文部科学省は2026年8月28日に令和9年度概算要求の資料を公開しました。次年度に国がどの事業へ費用を要求しているかが、この時点で読めるようになります。
教材を作る側に関わりが深い項目は3つあります。情報活用能力の学習者用教材の開発と、学校のAI活用環境の整備と、デジタルな形態を含む教科書の配信基盤です。
本記事では3つの項目の中身を先行実施と導入の時期とあわせて解説します。
目次
概算要求の読み方
概算要求の資料は、次年度に国が何を進めようとしているかを知る材料として読むものです。書かれている金額がそのまま決まるわけではありません。
概算要求とは何か?
概算要求とは、各省庁が翌年度に必要な経費を財務省へ要求する手続きです。期限は毎年8月末です。各省庁は次年度に進めたい事業と必要な額をここで要求します。
財務省が公表した令和9年度予算の概算要求に当たっての基本的な方針(2026年7月30日閣議了解)によると、要求と要望は8月末日の期限を厳守するよう定められています。期限の後に各省庁の資料が公開され、今回の文部科学省の資料もその1つです。
つまり、8月末までに財務省へ翌年度の経費を要求する手続きが概算要求であり、出そろった要求は予算編成で額が見直される前の姿です。
要求額の精査
令和9年度の要求には、上限を設けない投資枠が含まれています。額は予算編成の過程で精査されるため、要求額のまま決まるとは限りません。
同じ閣議了解では、通常歳出とは別に「強く豊かな日本」投資枠を創設し、要求上限を設けず事項要求も含めて所要額を要求するとしています。通常歳出との関係は予算編成過程において精査すると記されています。
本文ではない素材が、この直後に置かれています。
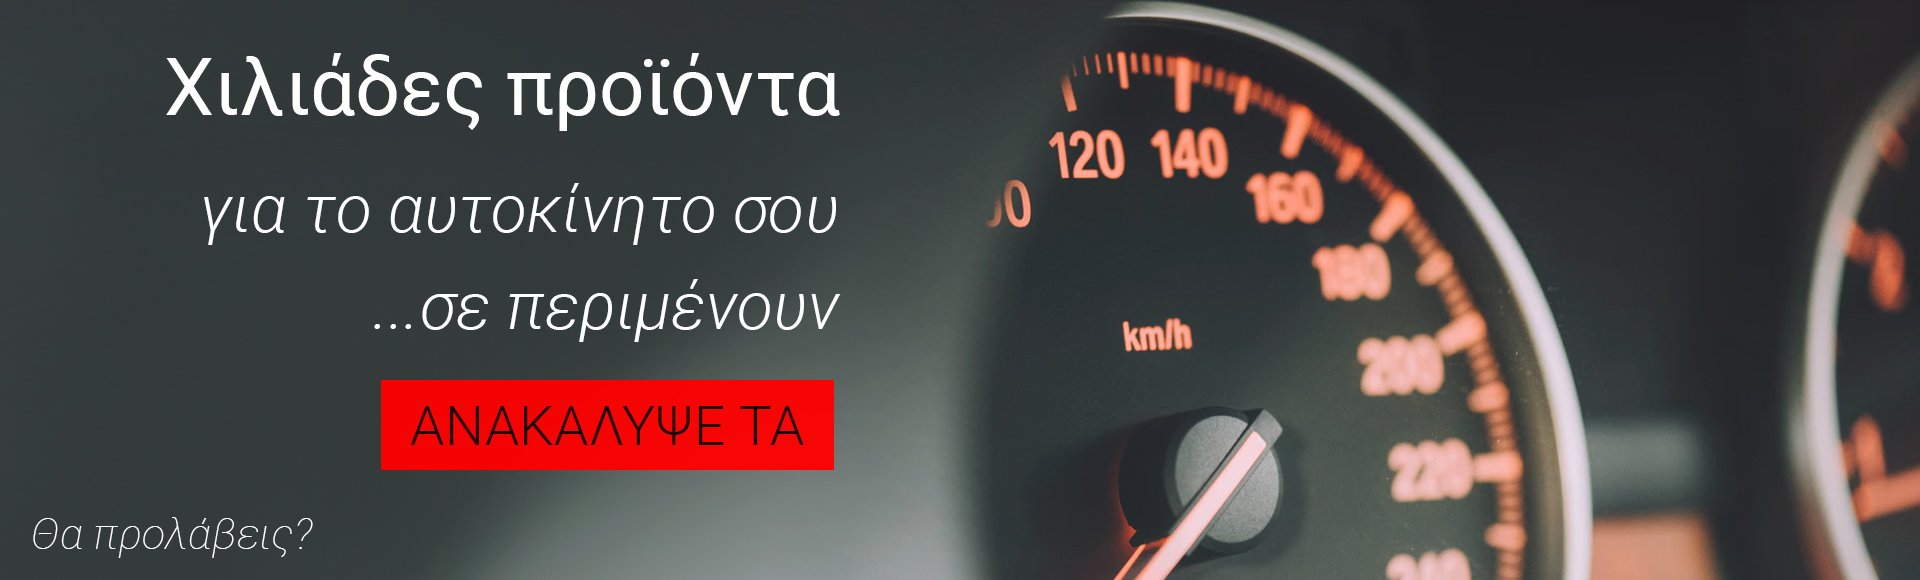 auto | elabstore.gr

そのため、令和9年度の要求は上限のない投資枠を含み、額は予算編成の過程で精査されます。教材に関わる項目も、この段階では方向と規模の目安として読む段階です。
文部科学省の要求総額の傾向
文部科学省の要求総額は、前年度の予算から大きく増えています。増えた分の多くは投資枠で要求されています。
先端教育オンラインの記事(2026年9月1日)によると、一般会計は8兆7750億円で前年度から2兆8941億円の増と報じられています。増額の幅だけを見ると、教育分野の事業が一斉に拡大するように読めます。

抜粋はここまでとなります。